The old adage, two heads are better than one, simply indicates that two people can solve a problem better than an individual can. This is certainly the case when it comes to 3D printing, and why dual extruder technology is must-have for any engineer, designer, architect or artist. Single extruder technology that is available on the market today is incredibly limited and actually defeats the true purpose of a 3D printer, the ability to transform complex, digital designs into tangible, physical items. If you’re a serious designer with aspirations to bring your ideas to life, then you should never underestimate the value of a professional 3D printer. First, let’s understand the basics of 3D printing.

Limitations of Single Extruder 3D Printers

The vast majority of 3D printers available today operate with FDM (Fused Deposition Modeling) or FFF (Fused Filament Fabrication) technology. Essentially, thermoplastic material is fed through a heated nozzle that melts the material and simultaneously deposits it on the build platform. It’s arguably the simplest and most effective 3D printer technology that has been adopted by consumers and professionals in every industry imaginable.

With single extruder printing, you are able to 3D print very basic parts and shapes. For example, it’s possible to print a small pyramid or a six-sided box, because the geometries are not challenging and do not require additional design or rework. But 3D printers are supposed to enable the impossible. Instead of trying to fit a square peg in a round hole, why not redesign the peg? Why not customize the hole and create new functionality for the whole system? Adding a second material extruder enables this and so much more.

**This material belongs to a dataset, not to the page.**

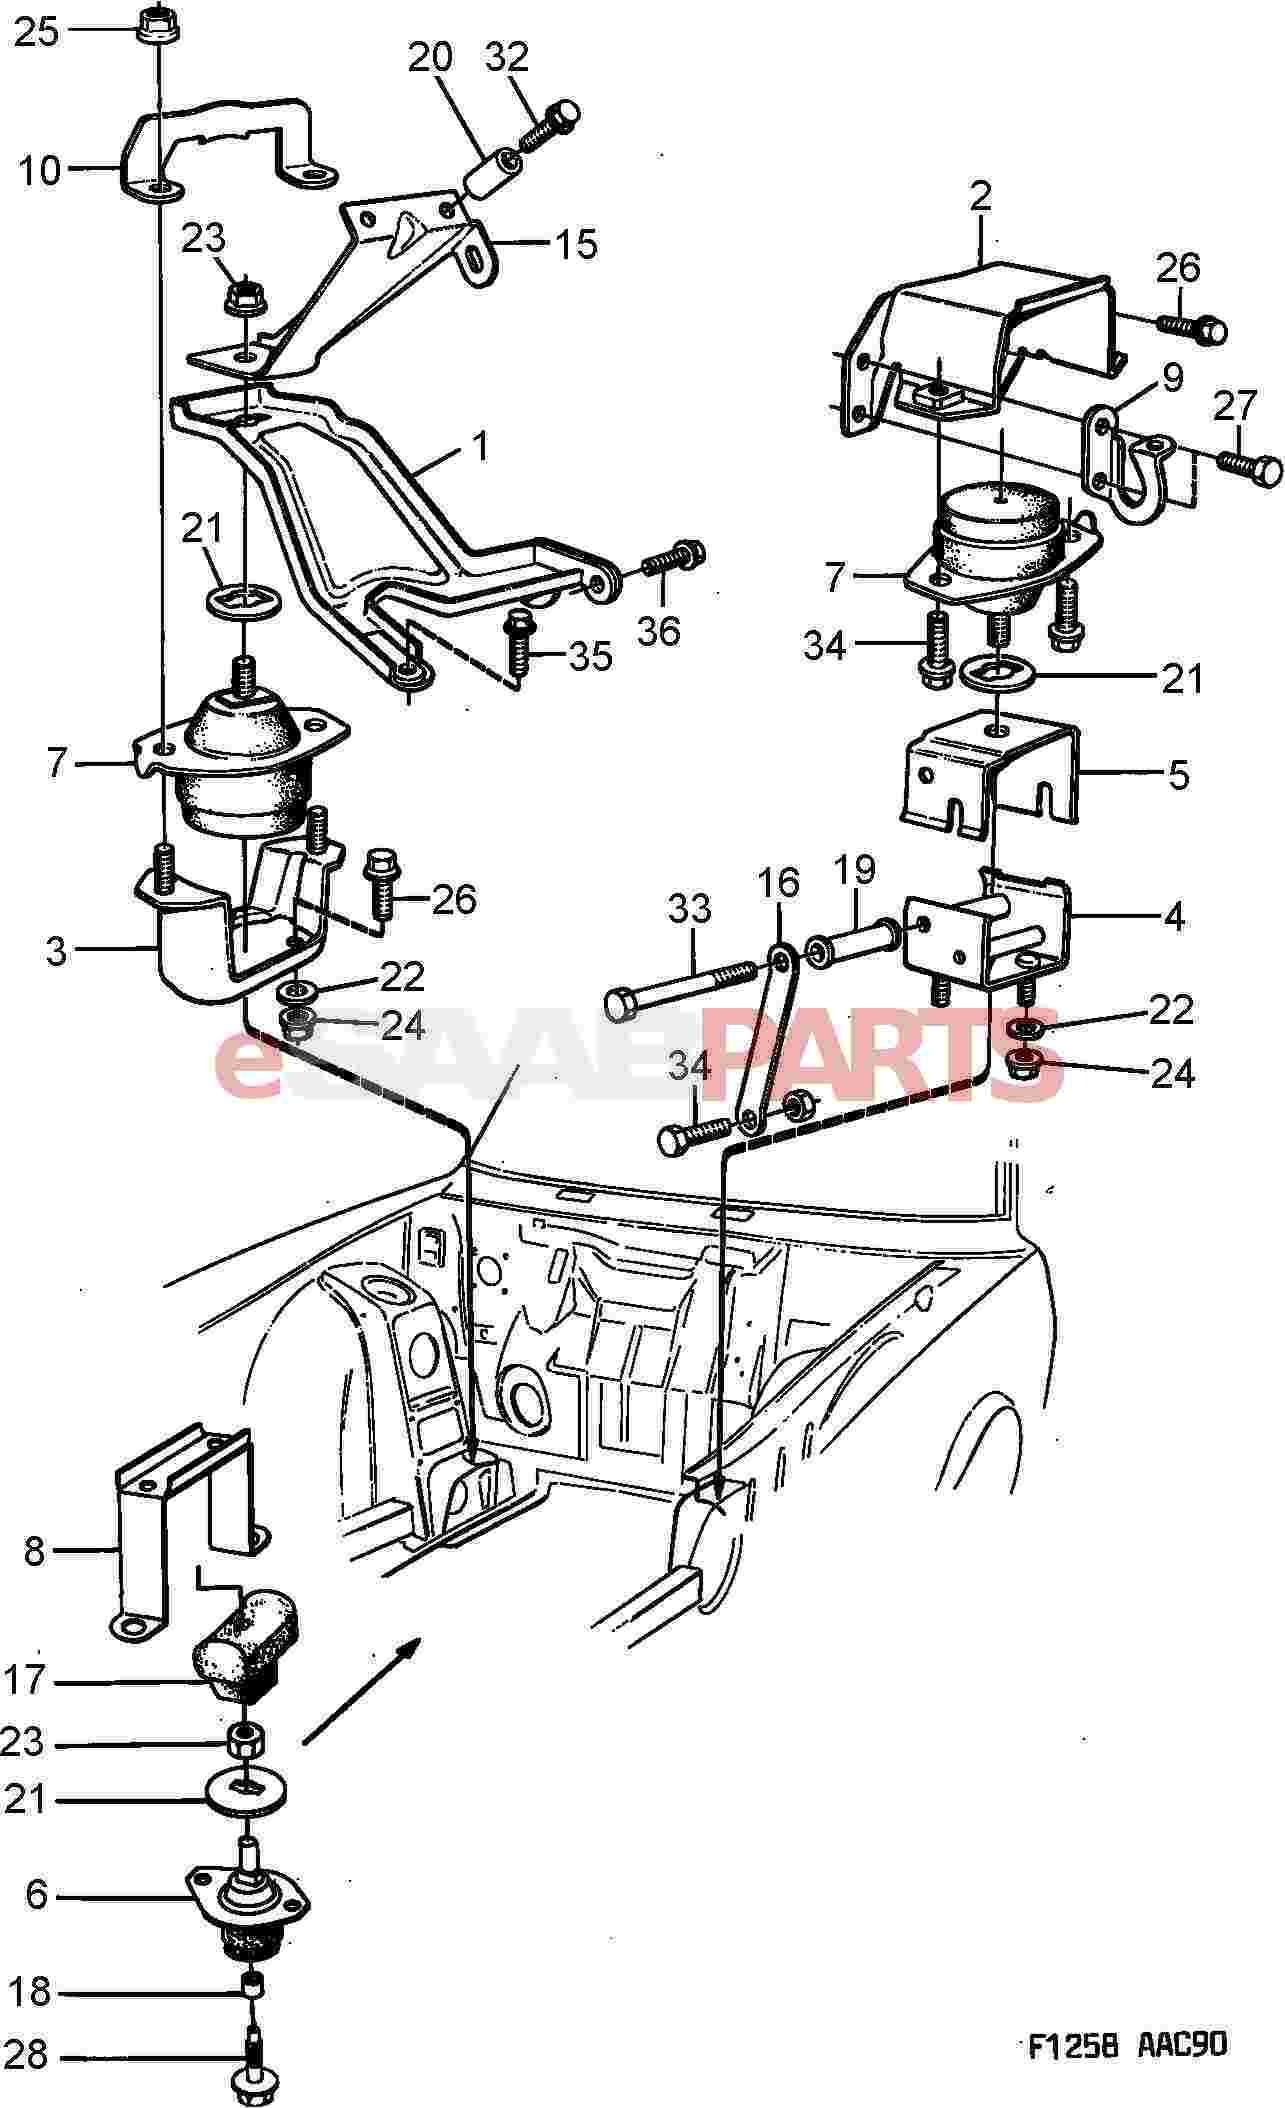 FEIPARTS 2 pieces suspension parts Front Sway Bar 99-09 for Saab 42983 01-02 for Saturn L100 01-03 for L200 01-05 for L300 00 for LS LS1 LS2 00 for LW1 00 for LW2 01-03 for LW200 01-03 for LW300

The Value of Dual Extruder 3D Printers

Advancements in 3D printing materials are enabling new applications across several different industries. What we are experiencing today will look very different tomorrow with the current rate of technology improvements and adoption. Dual extruder 3D printing is the primary mechanism fostering the next generation of industrialization because it allows engineers to design with freedom and without constraints. Compared to conventional manufacturing methods or single extruder 3D printers, multi-material 3D printers will equip product development teams to enhance functionality, aesthetics and other critical requirements.

“A man will be imprisoned in a room with a door that’s unlocked and opens inwards; as long as it does not occur to him to pull rather than push.”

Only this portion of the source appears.